Sunday 26 September 2021

Collectors do their own Ancient Artefact Provenance Research

Ring, metal detector find,
 2018 (Live Auctioneers)

Over on the Ancient Artifacts discussion list, amateur collectors of portable antiquities have demonstrated that they have found a way to find out untold parts of the collecting history of the objects on sale through aggregator sites like Catawiki and LiveAuctioneers, where minimal collecting histories (and, it seems from what they found, less than perfect due diligence) are the general rule. The method is set out in a series of highly important posts (follow the links in the originals to see where they lead), starting with:  'Lodewijk', 'How to use image search for comparing artefacts - DIY research' Sep 17 2021, #95665 (the forum allows you to read posts arranged in a thread). 

The whole saga started off with some wearable ancient rings sold online by a prominent London dealer as 'Byzantine' and having some generic "in-the-collection-of-an-X[location]-Y[descriptor]-acquired-before-Z[date]"-type collection histories. Totally inadequate - country (let alone place) of origin not stated, no details of legal excavation or legal export. 

But it gets worse.

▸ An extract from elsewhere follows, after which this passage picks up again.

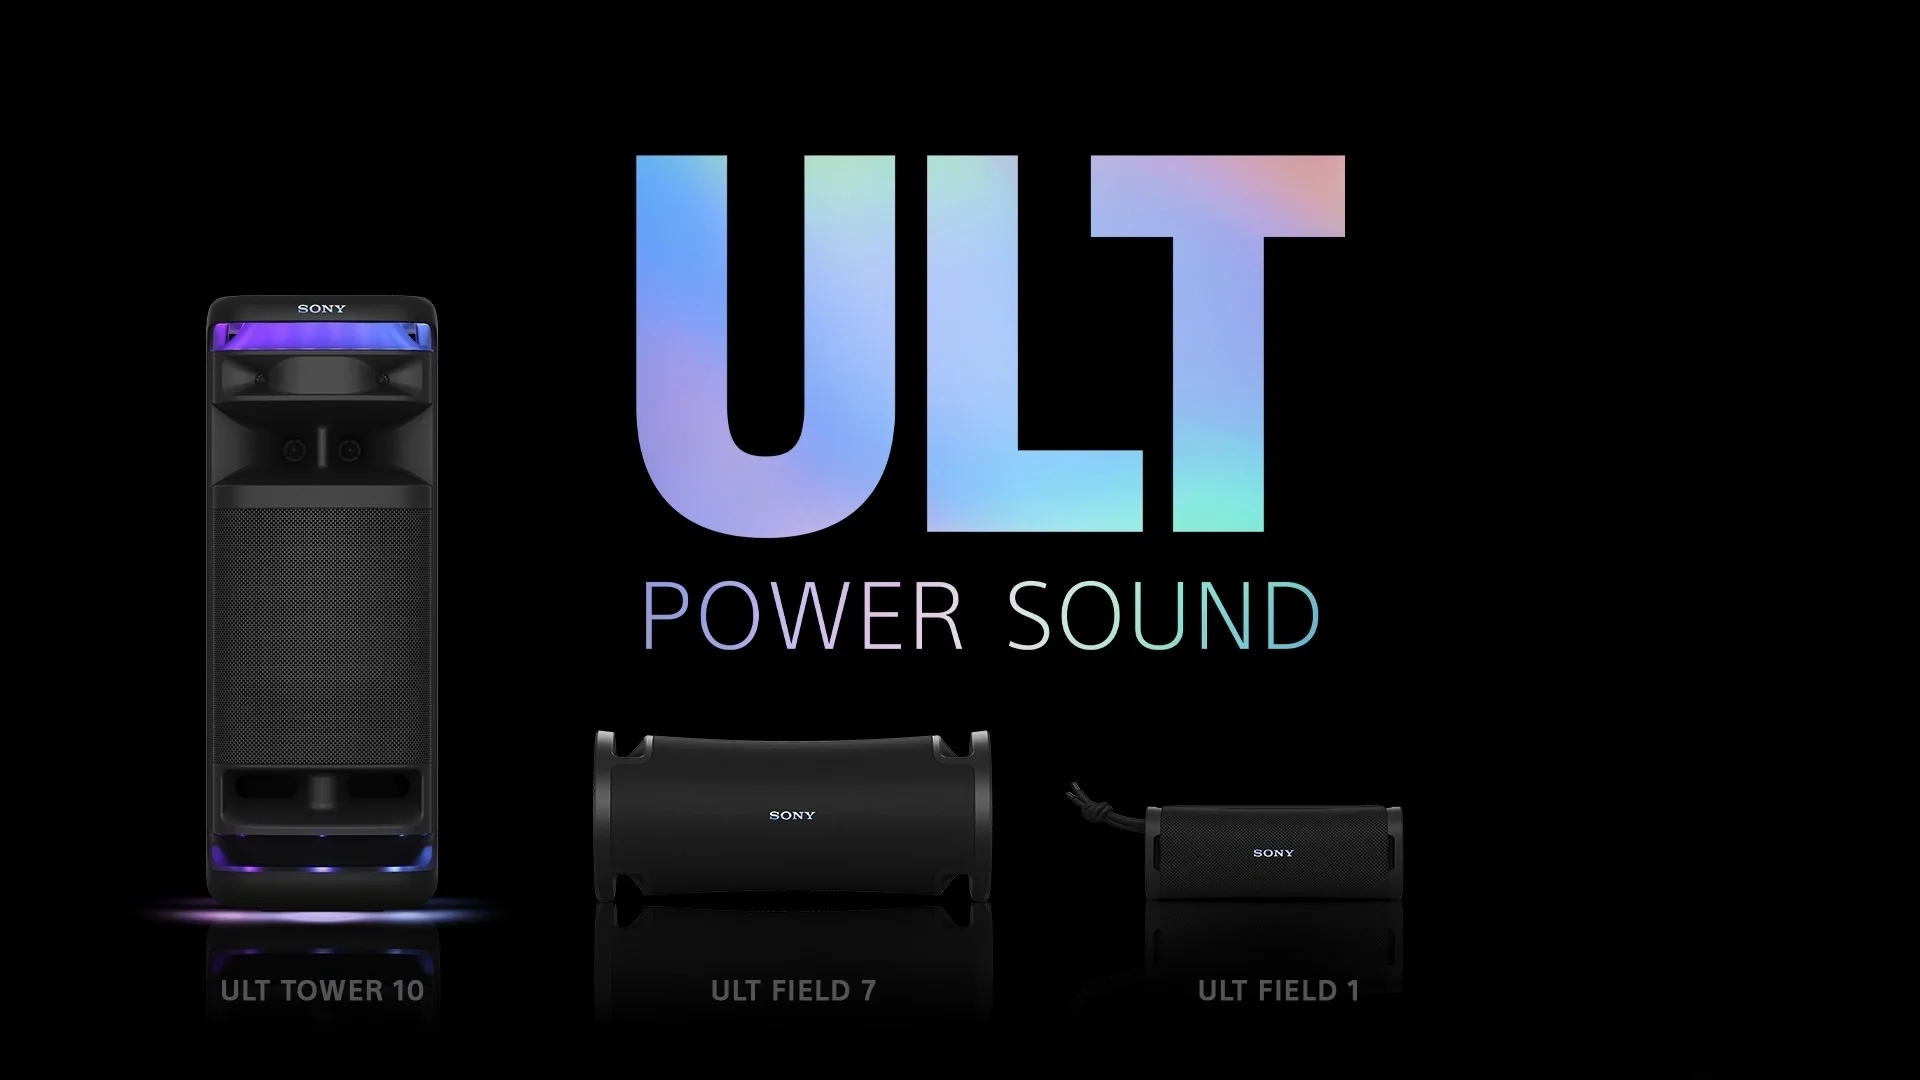 Sony hat die neuen Bluetooth-Lautsprecher der ULT Power-Serie vorgestellt - ULT Field 1, ULT Field 7 und ULT Tower 10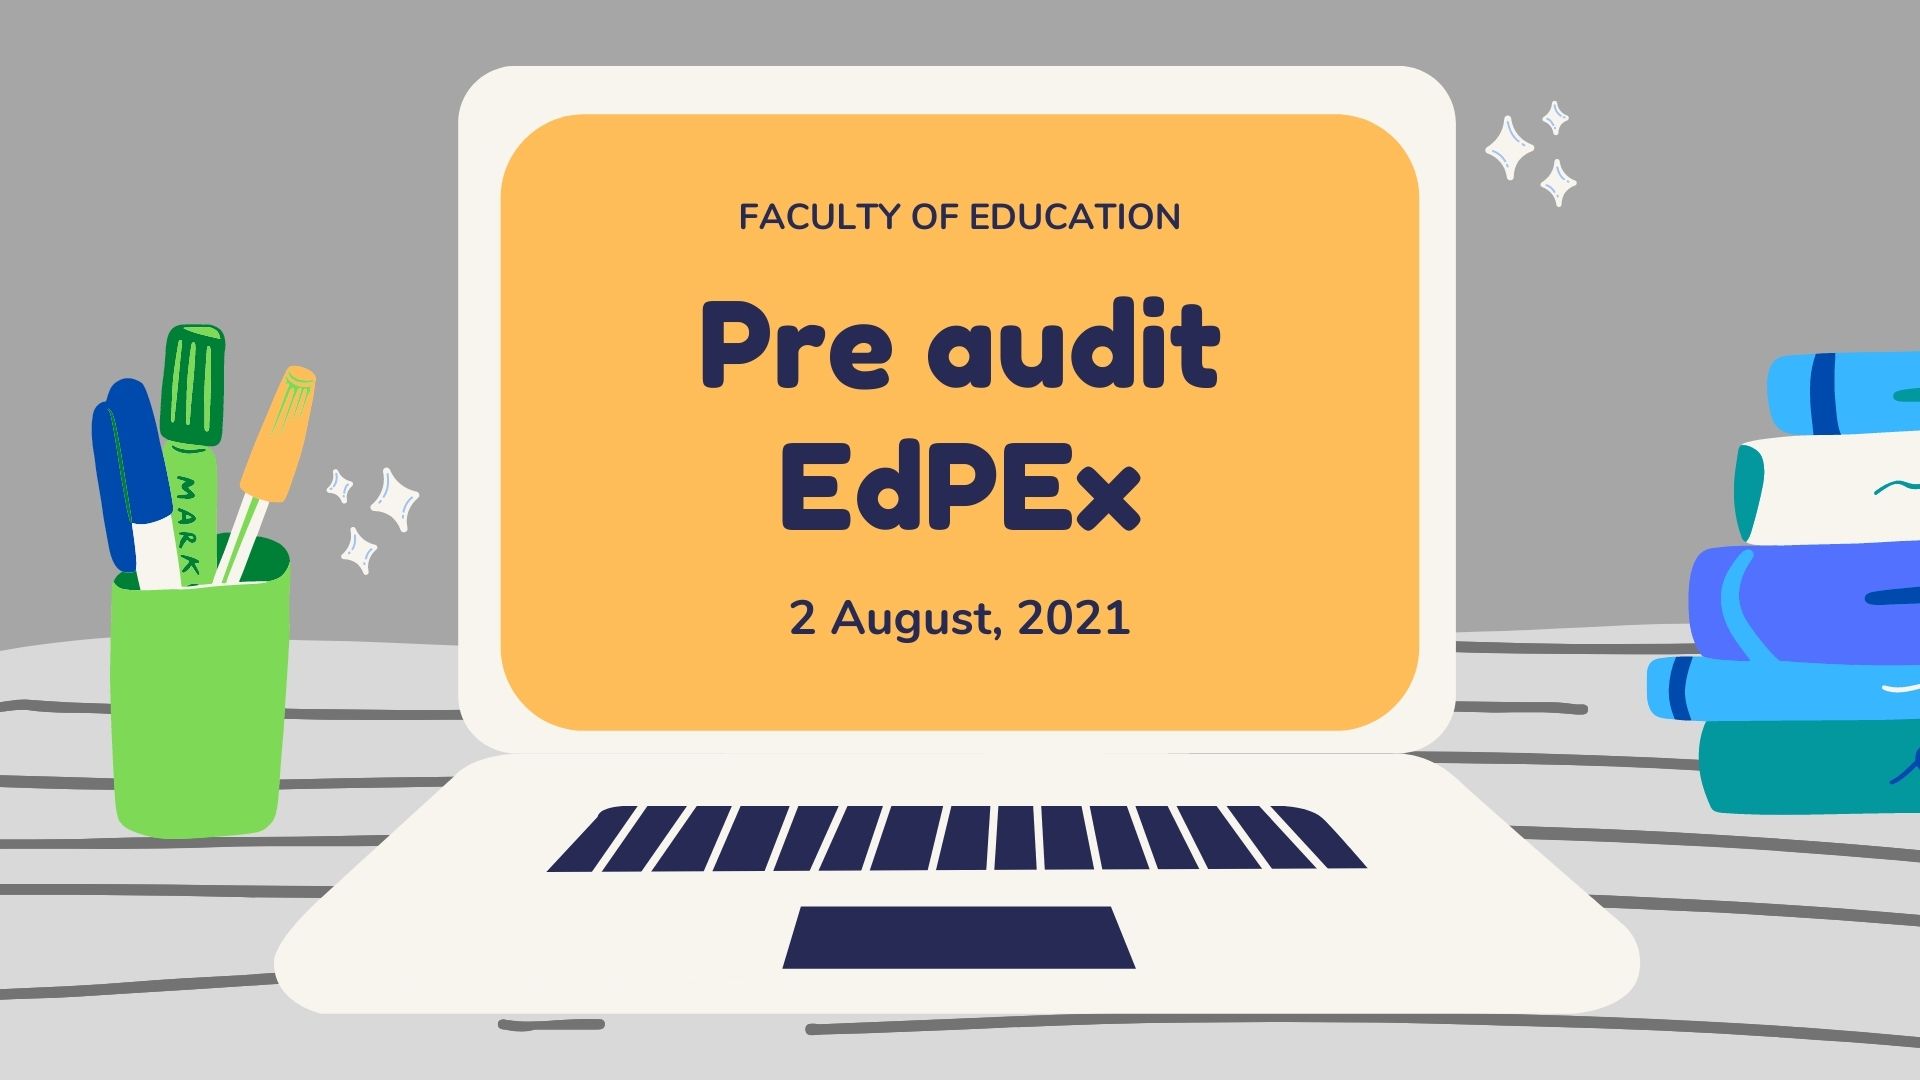 การตรวจประเมิน (Pre-audit) การประกันคุณภาพการศึกษาภายใน ตามแนวทางเกณฑ์คุณภาพการศึกษาเพื่อการดำเนินงานที่เป็นเลิศ (EdPEx)

While the UK seller claims that these objects long ago were out of the ground and in some kind of "old collection" in the west going back many years, in the post, as many as eleven cases are shown (with links and pictures) in which applying a certain search method (see the next post) identifies items that in fact turn up on a site called "" that I have previously discussed in a separate post here.  Many of these records can be traced back to them appearing on the Ukrainian auction site Violity (apparently by metal detectorists that had found them, sometimes the records can be linked also to Russian and Ukrainian metal detecting forums). Yet according to the UK dealer now selling them, these very same items (there is no doubt that they are the same, not just similar)  they have "verified" (really?) that each of these objects were in a private collection outside eastern Europe well before that date (an export licence would be required for these items to legally leave Russia or Ukraine). This casts doubt on the method used to verify the collection history given by the seller. 

But what the collector is primarily worried about is that the London dealer has no idea about the date of these items, as he puts it with the necessary degree of sarcasm:
"What a weird coincidence. Maybe the whole box was mislabelled  Byzantine/ Viking/ Medieval instead of 17th to 20th century? Maybe the English/ Belgian/ German/ London/ West-London collector or gentleman working in the European art market mislabelled it somewhere between 1960 and 2000 while passing it down in descent".

In a subsequent message an additional five items are added and the collector remarks:

"This becoming quiet worrying because of the scale. This is going to end up in the dozens, if not hundreds". [...] These are not rings that match in style, all these rings are the exact same rings that show up on a Russian /Ukrainian collection site way before they show up in auction [...]".
One of them was posted on a Russian metal detecting forum in 2018 with the person who probably found it asking for date and value. He was told it was worth there 2000 roubles (= c. 20-23 euros) but the estimate in the UK auction was 600-800 pounds. It seems that not all metal detectorists are in it "not for the money"... As Lodewijk (who seems to be Dutch) notes: 

So a Russian ring dating 17th-19th century, posted on 23-6-2018 at a Russian metal detecting forum shows up at [...] auction 17-5-2019 as a 1300-1500AD Silver medieval crusader ring? And with a provenance of "purchased in the European art market in the 1980's" .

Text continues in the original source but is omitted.